In her 20 years of being a genetics counselor, at a well-known university hospital, she has not once seen a T1D patient to discuss the genetics behind the disease. I told her about the SNPs from GWAS studies and she seemed unimpressed. She informed me that GWAS studies have not provided anything to genetic councilors yet, and she seemed suspect about the prospect.
Indeed, since one of the first publications on GWAS in 2007, I cannot find a clear example of it being applied in the clinic. However, this is still a very young field in scientific terms, and I imagine the results of GWAS will start to materialize within the years to come (if not in the clinic at least in the lab).

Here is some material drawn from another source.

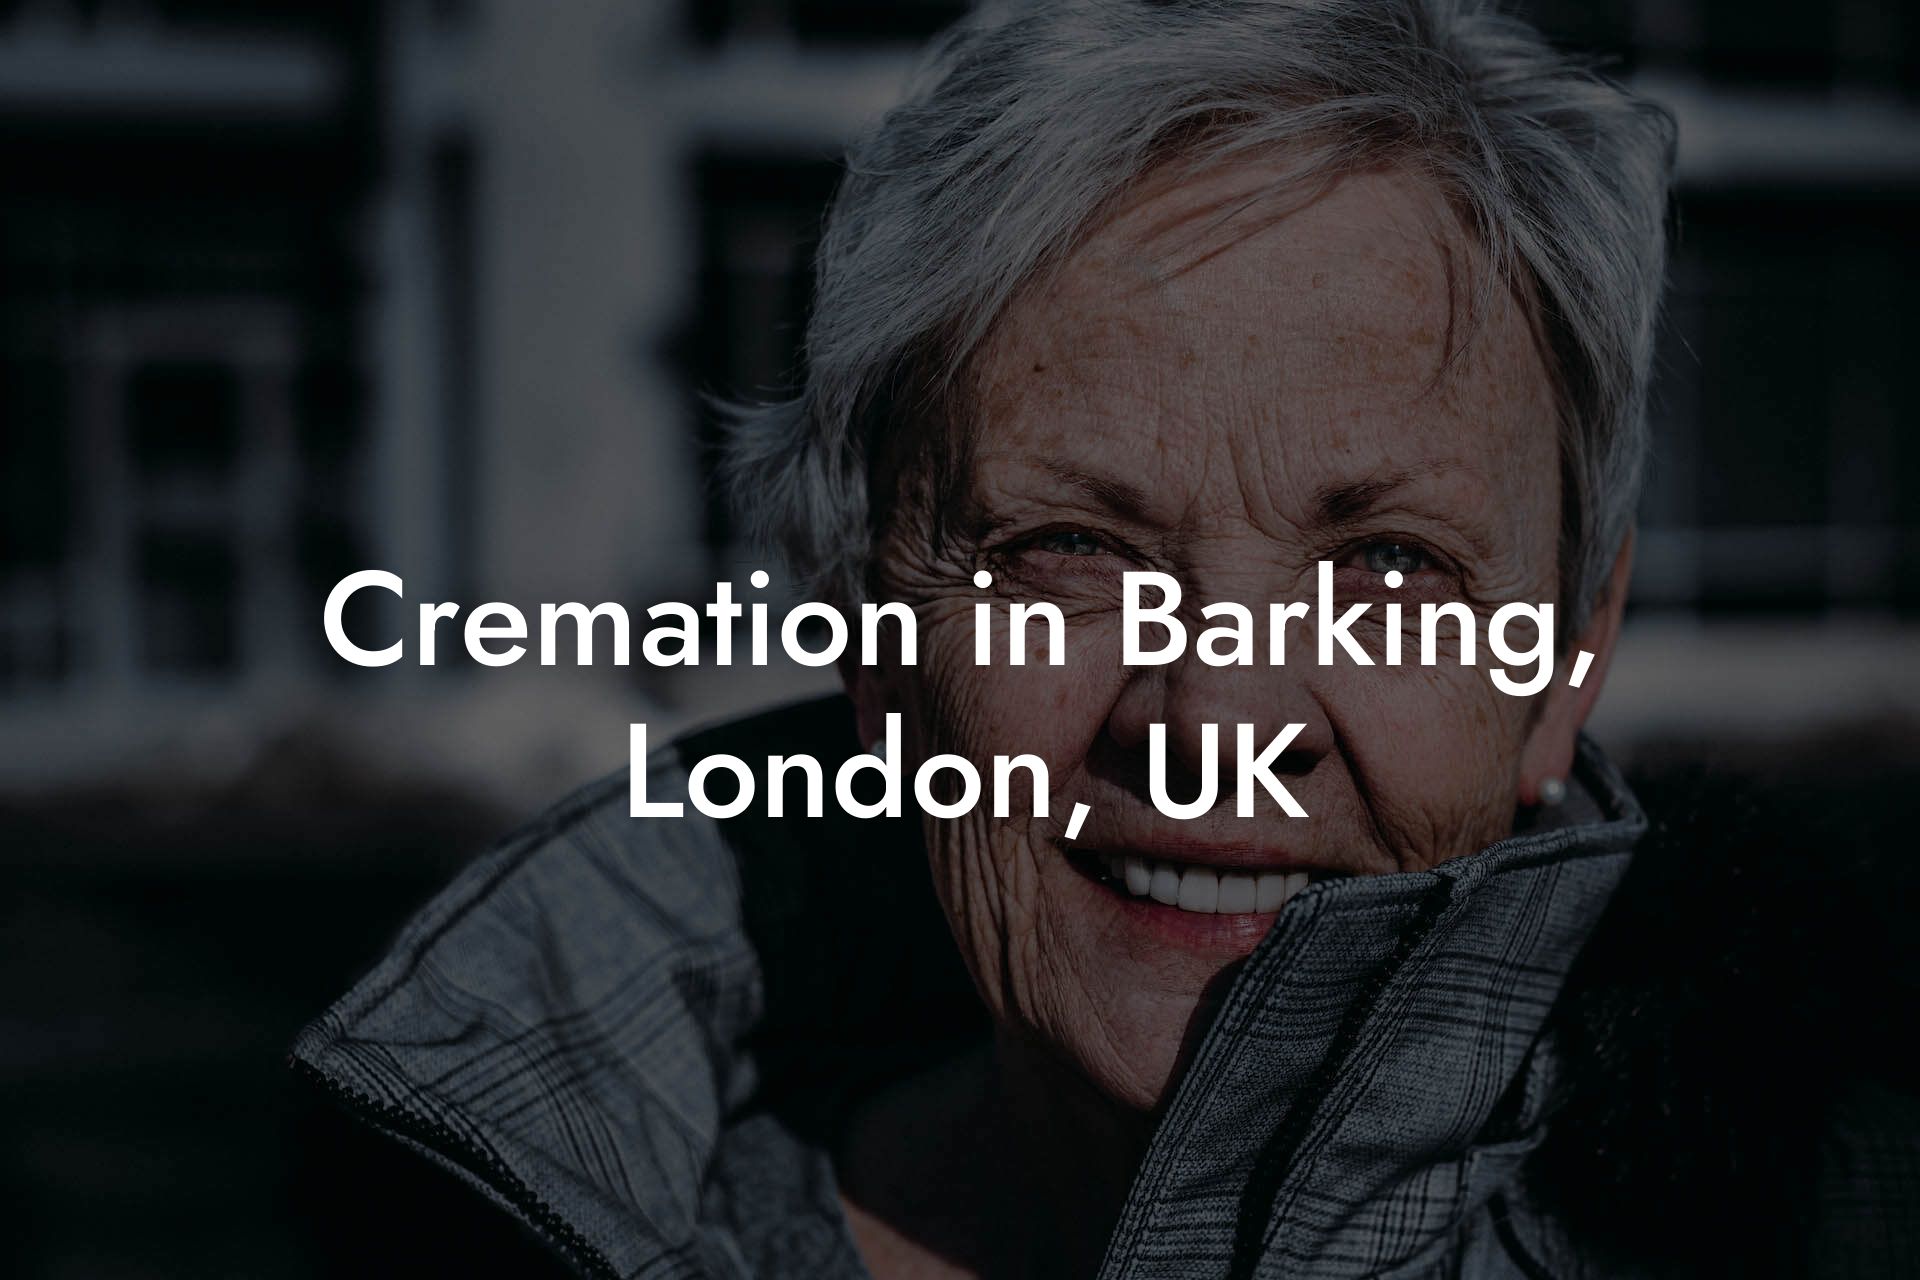 Cremation in Barking, London, UK

Nonetheless, I learned from my 23andme data that I am DR3/DRX, and that I inherited my DR3 allele from my father (he is also DR3/DRX, whereas my mother is DRX/DRX). My wife is DR4/DRX. If I understand correctly, this would mean that the probability of our off-spring being DR3/DR4 is 25%. This seems quite high.
References
- Redondo, M.J., Jeffrey, J., Fain, P.R., Eisenbarth, G.S. and Orban, T. (2008) Concordance for islet autoimmunity among monozygotic twins. N Engl J Med, 359, 2849-2850.

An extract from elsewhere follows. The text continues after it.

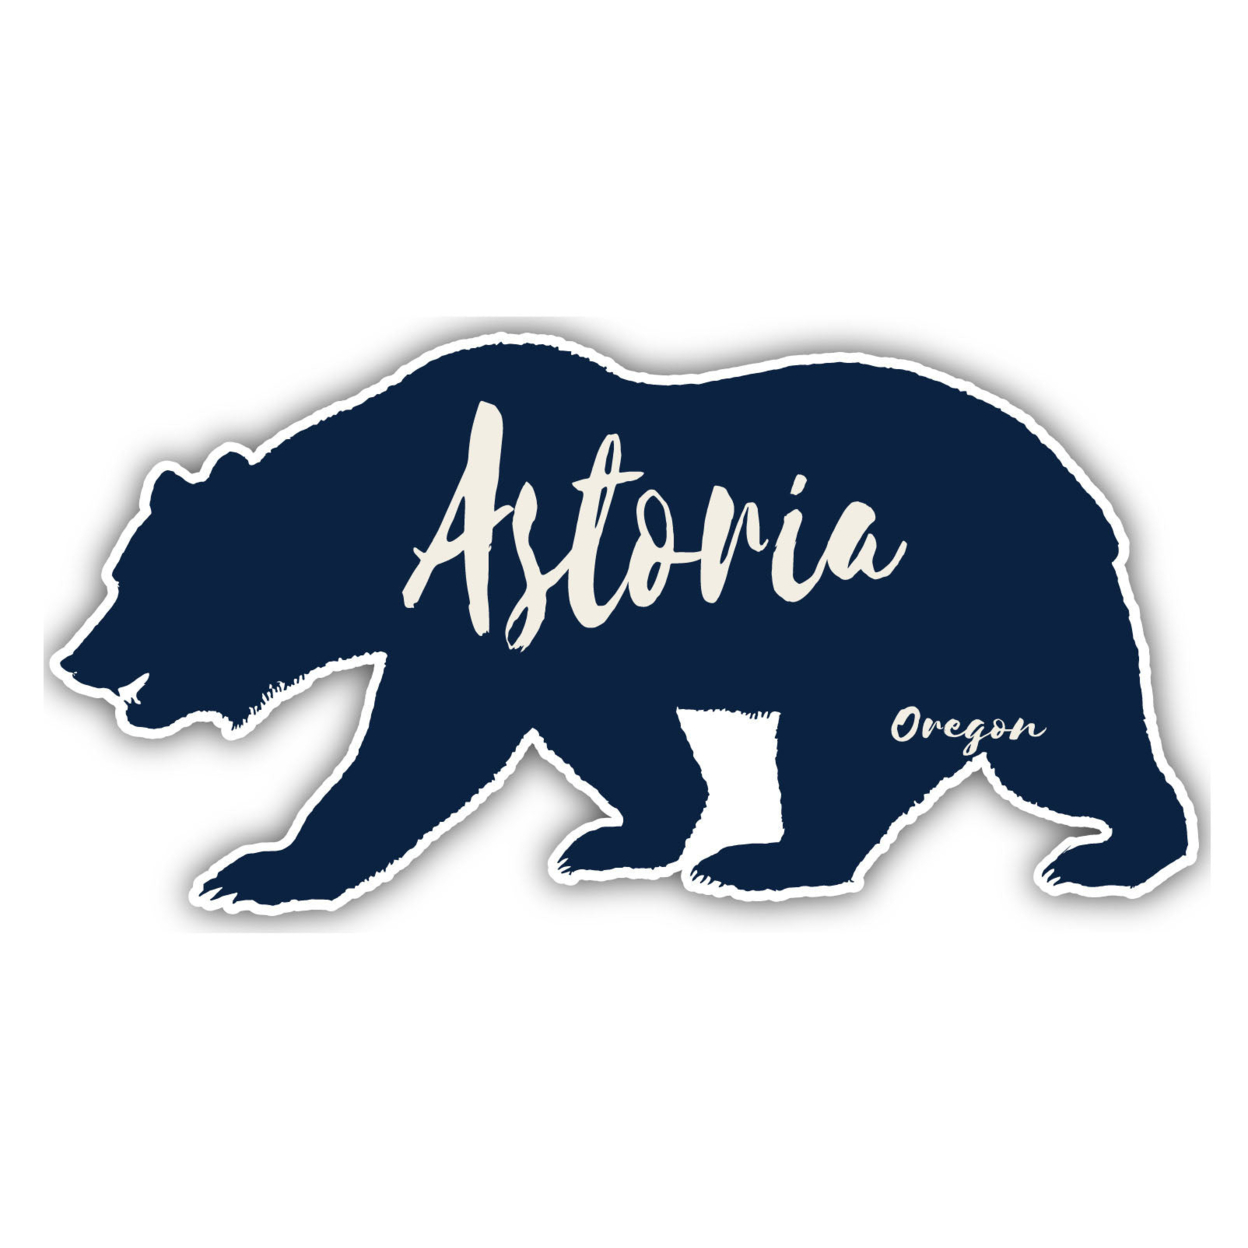 Astoria Oregon Souvenir Decorative Stickers (Choose Theme And Size) - 4-Pack, 2-Inch, Bear

- Steck, A.K. and Rewers, M.J. (2011) Genetics of type 1 diabetes. Clin Chem, 57, 176-185.
- Barrett, J.C., Clayton, D.G., Concannon, P., Akolkar, B., Cooper, J.D., Erlich, H.A., Julier, C., Morahan, G., Nerup, J., Nierras, C. et al. (2009) Genome-wide association study and meta-analysis find that over 40 loci affect risk of type 1 diabetes. Nat Genet, 41, 703-707.
- Mehers, K.L. and Gillespie, K.M. (2008) The genetic basis for type 1 diabetes. Br Med Bull, 88, 115-129.

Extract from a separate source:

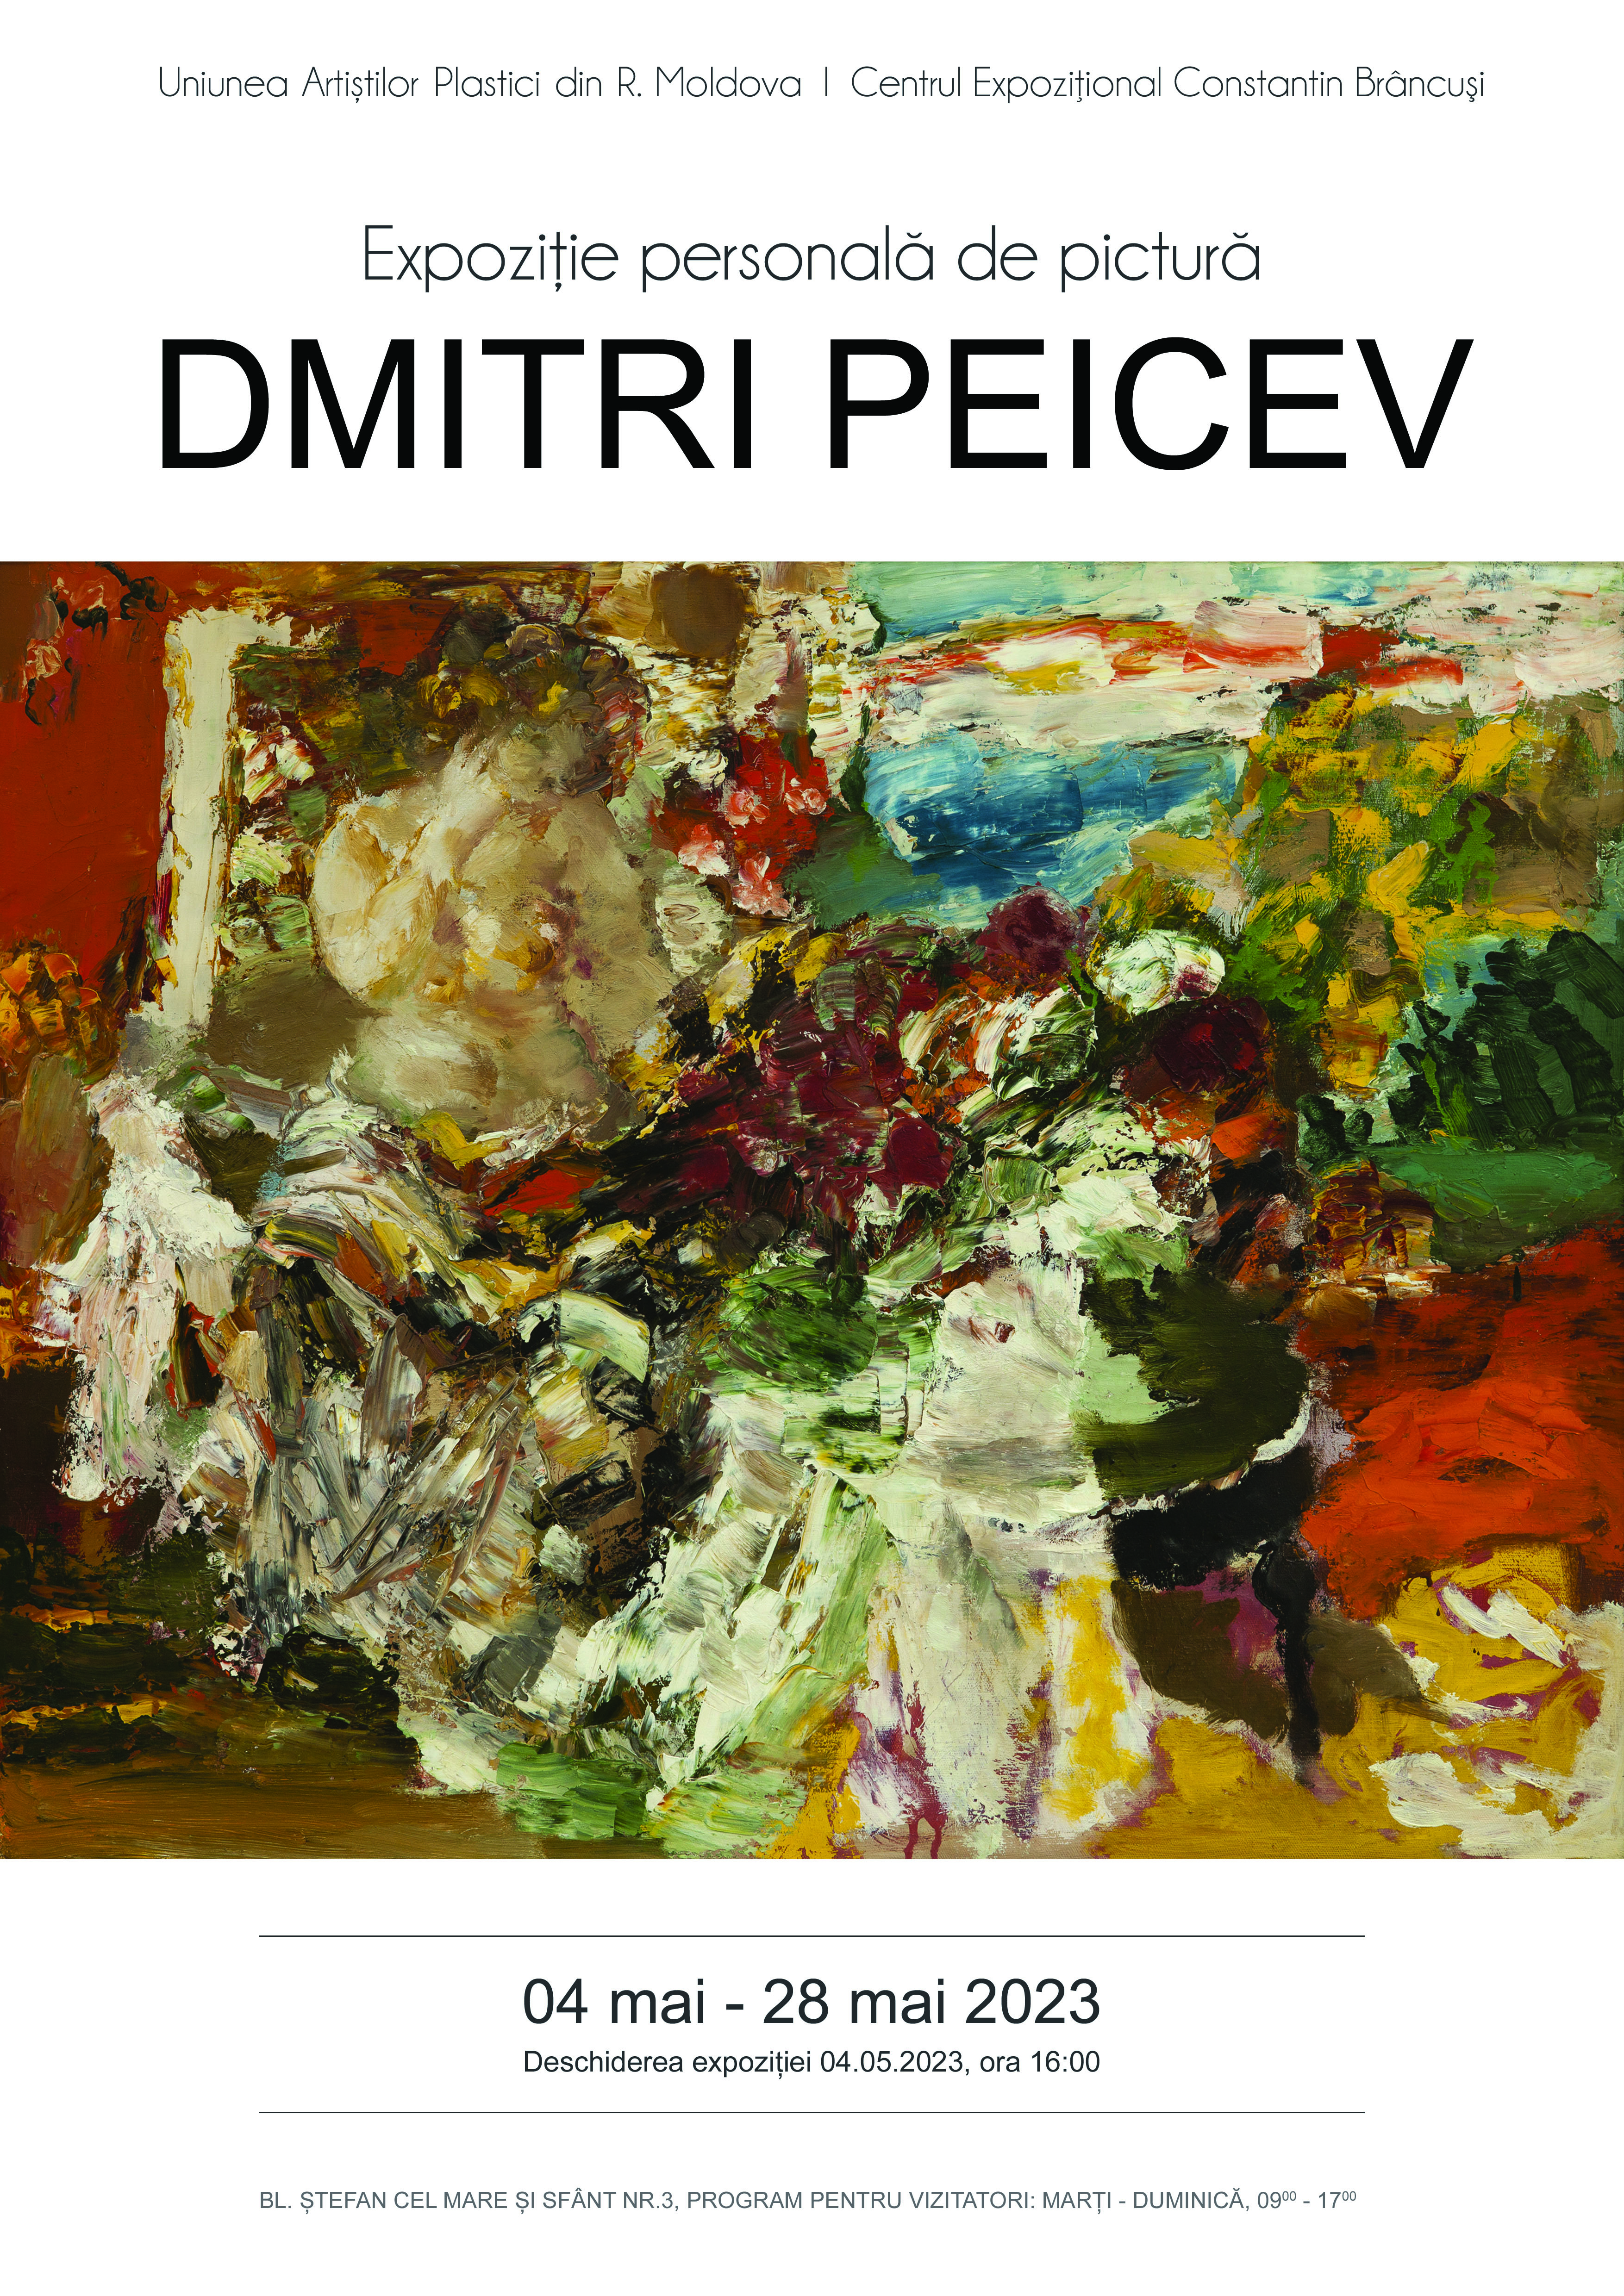 Dmitri Peicev

- Noble, J.A. and Erlich, H.A. (2012) Genetics of type 1 diabetes. Cold Spring Harb Perspect Med, 2, a007732.
- Rewers, M., Bugawan, T.L., Norris, J.M., Blair, A., Beaty, B., Hoffman, M., McDuffie, R.S., Jr., Hamman, R.F., Klingensmith, G., Eisenbarth, G.S. et al. (1996) Newborn screening for HLA markers associated with IDDM: diabetes autoimmunity study in the young (DAISY). Diabetologia, 39, 807-812.
- Steck, A.K., Armstrong, T.K., Babu, S.R., Eisenbarth, G.S. and Type 1 Diabetes Genetics, C. (2011) Stepwise or linear decrease in penetrance of type 1 diabetes with lower-risk HLA genotypes over the past 40 years. Diabetes, 60, 1045-1049.
- Barker, J.M., Triolo, T.M., Aly, T.A., Baschal, E.E., Babu, S.R., Kretowski, A., Rewers, M.J. and Eisenbarth, G.S. (2008) Two single nucleotide polymorphisms identify the highest-risk diabetes HLA genotype: potential for rapid screening. Diabetes, 57, 3152-3155.
- Romanos, J. and Wijmenga, C. (2009) Comment on: Barker et al. (2008) Two single nucleotide polymorphisms identify the highest-risk diabetes HLA genotype: Diabetes 57:3152-3155, 2008. Diabetes, 58, e1; author reply e2.
- Monsuur, A.J., de Bakker, P.I., Zhernakova, A., Pinto, D., Verduijn, W., Romanos, J., Auricchio, R., Lopez, A., van Heel, D.A., Crusius, J.B. et al. (2008) Effective detection of human leukocyte antigen risk alleles in celiac disease using tag single nucleotide polymorphisms. PLoS One, 3, e2270.
- Baker, P.R., 2nd and Steck, A.K. (2011) The past, present, and future of genetic associations in type 1 diabetes. Curr Diab Rep, 11, 445-453.
[1] Writing “MHC II complexes” is redundant, as the C in MHC stands for complex, but I want to emphasize the fact that there is more than one MHC II and it’s not clear to me how to pluralize MHC II. Also using the phrase “MHC II molecules” can be confusing as a MHC II complex is composed of two protein molecules that come together to form a MHC complex.